Messi – River Plate, retour sur une polémique

Les faits

Après la finale du mondial des clubs opposant le club espagnol du FC Barcelone au club argentin de River Plate, la vedette argentine Lionel Messi a été prise à partie par une bande de supporters du club de Buenos Aires à l’aéroport Narita de Tokyo. Messi a été insulté et victime de crachats venant manifestement de barras bravas du River. Luis Enrique coach du club blaugrana et son coéquipier Luis Suarez sont intervenus pour apaiser les tensions. Javier Mascherano un ancien de River a été le sujet de multiples insultes. Rodolfo d’Onofrio, le président du Club Atletico de River Plate a condamné ses idiots qui ont agressé la star du club catalan et présenté ses excuses à Messi – Fin de l’histoire – en apparence. Cet épisode qui peut être mis sur le compte de la déception du moment des supporteurs argentins est révélateur du climat qui a régné durant cette rencontre et des rapports qu’entretient la vedette du Barca avec son pays d’origine et le football espagnol avec ses anciennes colonies.

 

Aigreur ibérique

Outre le fait que Messi soit opposé à un des clubs les plus populaires d’Argentine, un problème récurrent est venu se greffer lors de cette confrontation. Dès les années quarante, le club de River Plate rayonnait sur le monde par son jeu, ses joueurs, son stade Monumental alors que le club catalan à l’image du football espagnol se trouvait encore dans le cul-de-basse-fosse de l’histoire du football. Dès les années vingt, le football est culture en Argentine. Il n’est qu’un divertissement en Espagne, car à l’exception du club du Betis Balompié, le football ibérique applique une forme de ségrégation sociale. Le football ibérique ne s’est jamais remis de ce déficit culturel qu’il traine encore avec aigreur à l’image des médias et des élites qui dirigent le football espagnol.

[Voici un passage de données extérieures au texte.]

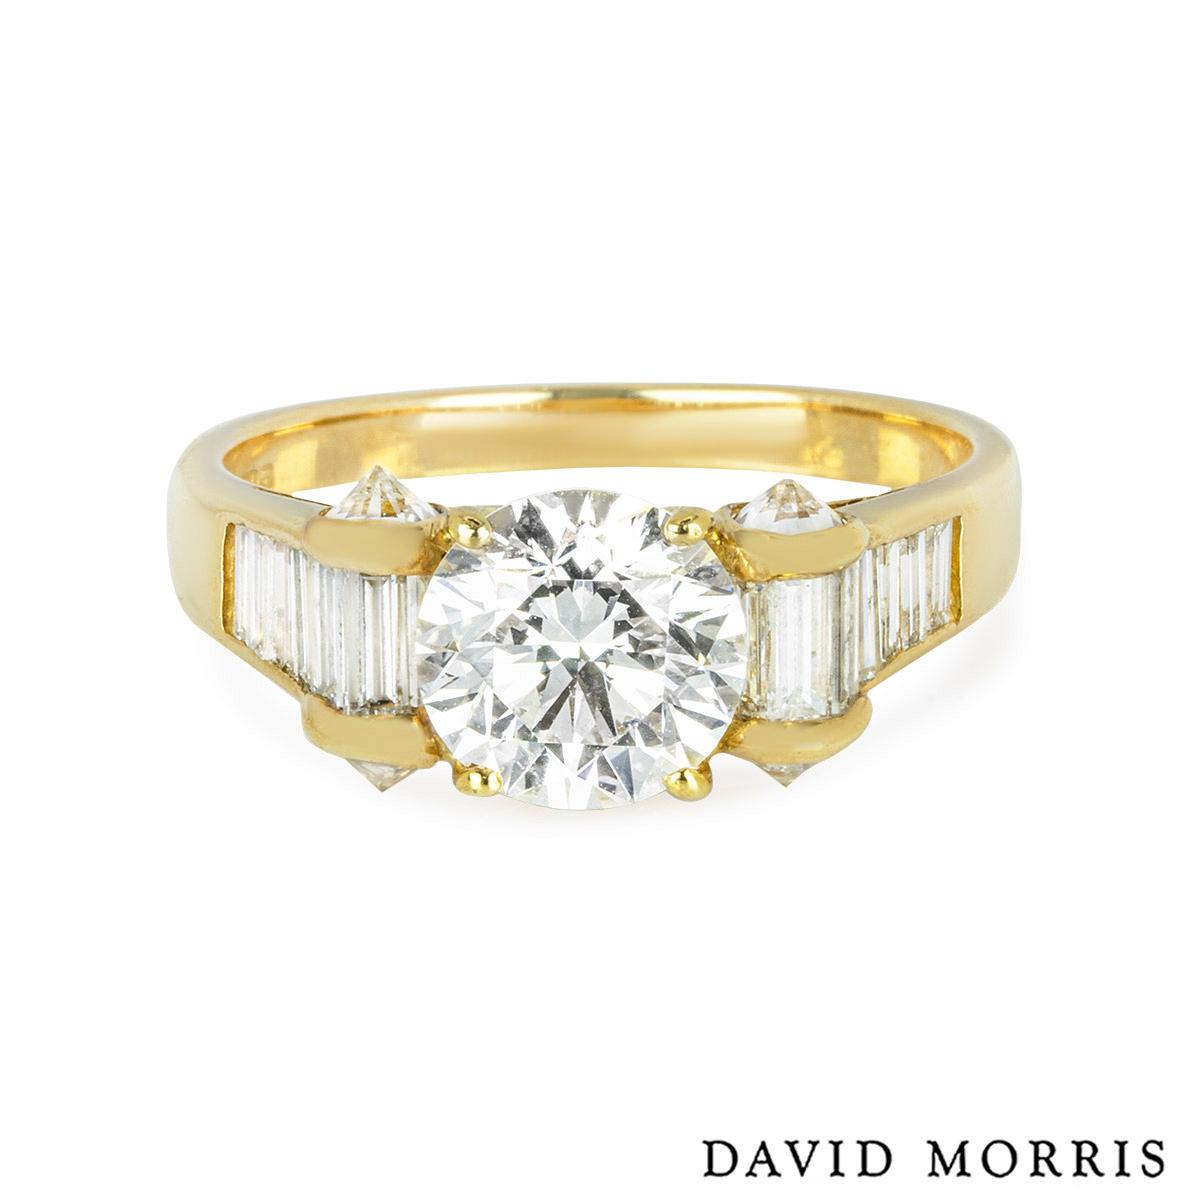 David Morris Yellow Gold Diamond Ring 1.40ct H/VS1
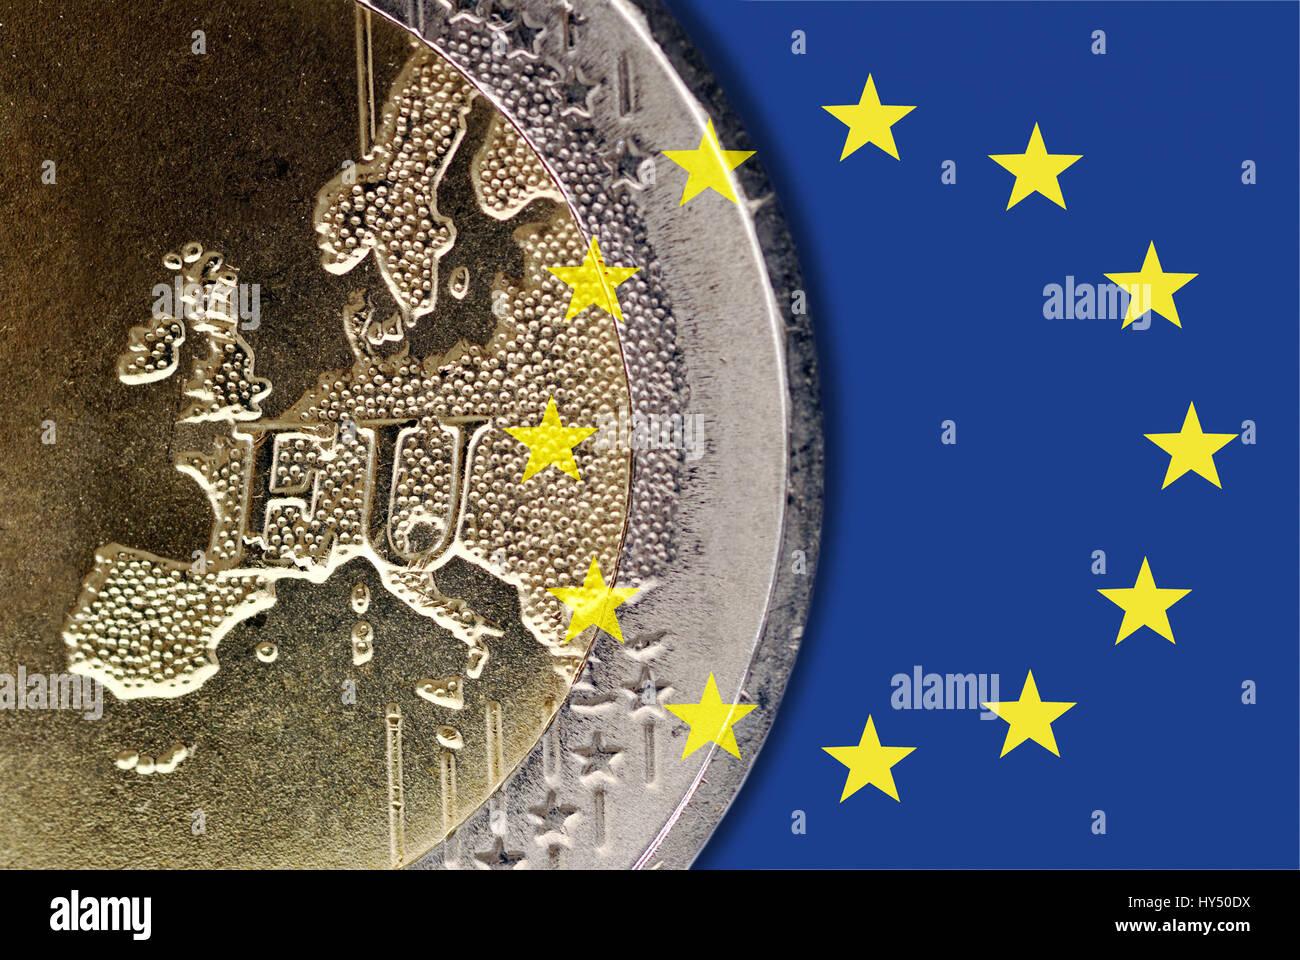 EU flag and euro-coin, European monetary fund, EU-Fahne und Euro-Muenze, europaeischer Waehrungsfonds - Stock Image

Les représentants de la presse espagnole ont chargé les supporteurs du club argentin, mais les faits décrits par les médiats ibériques ont rapidement été contredits par l’ensemble des personnes présentes au moment des faits. Messi a fait l’objet d’un crachat et d’insulte venant d’une seule personne et Mascherano a été la cible d’un hinchas ulcéré par son attitude envers les milliers de fans de River qui ont enchanté les habitants de Yokohama et Tokyo durant leur séjour. Le football espagnol a grandi depuis des années, mais ses élites sont restées  à l’écart de cette progression cloisonnée dans des ressentiments et des aigreurs qui n’ont plus lieu d’être.

 

Messi et l’Argentine

Ce n’est pas la première fois que Messi est chahuté par des supporteurs argentins. Lors d’un séjour dans sa ville d’origine Rosario, un fan du club de Rosario Central lui avait administré une claque. C’est un fait Messi est loin de faire l’unanimité en Argentine. Bien de grands joueurs argentins n’ont jamais eu à se plaindre du comportement de supporters violents pour avoir joué pour un club rival. L’identification au maillot est une valeur première non négociable pour la totalité des hinchadas du pays. La pulga est étranger à tout cela. Messi n’a jamais été en mesure de régler le passif qui l’oppose à son pays d’origine. Déraciné, produit du nomadisme jet line, le lutin de Rosario à laisser derrière lui son club de Newell’s pour des centaines de milliers d’euros proposer à son père.

Après avoir ouvert le score le tout entaché par une faute de main, le joueur s’est excusé envers les supporters de River. Après la fin de la rencontre, le gentil Léo s’est rendu dans le vestiaire des Millonarios et a posé pour un selfie avec le maillot de River sur les épaules avec l’intendant du club, Pichi Quiroga. C’est une coquetterie supplémentaire de Messi pour tenter de se faire apprécier de ses compatriotes après avoir émis le souhait de finir sa carrière dans son club de Newell’s.

De par son statut, la pulga à condamner le football argentin à une double peine. Il n’a jamais été en mesure de se fondre dans une culture collective qui n’est pas la sienne. Propulser pour être le nouveau sauveur de la nation, alors que le football argentin a un besoin urgent d’une sélection construite sur le collectif et le sacrifice.

Le football argentin de par la diversité de son jeu et de ses clubs est doté d’une culture football unique au monde, il peut vivre sans l’apport de Messi, mais il reste englué depuis trop longtemps dans des affaires de corruptions au niveau de ses élites, malgré une suite de déception, Adidas va encore jouer de tout son poids pour imposer sa vedette envers et contre tout. Messi, c’est l’histoire d’un joueur qui s’est détaché de son pays d’origine préférant les promesses émises par l’ancienne autorité coloniale. Personne ne condamne Messi pour avoir choisi, mais Il serait tant pour lui d’assumer une bonne fois pour tout son acte, c’est le seul service qu’il peut rendre au football argentin tout entier.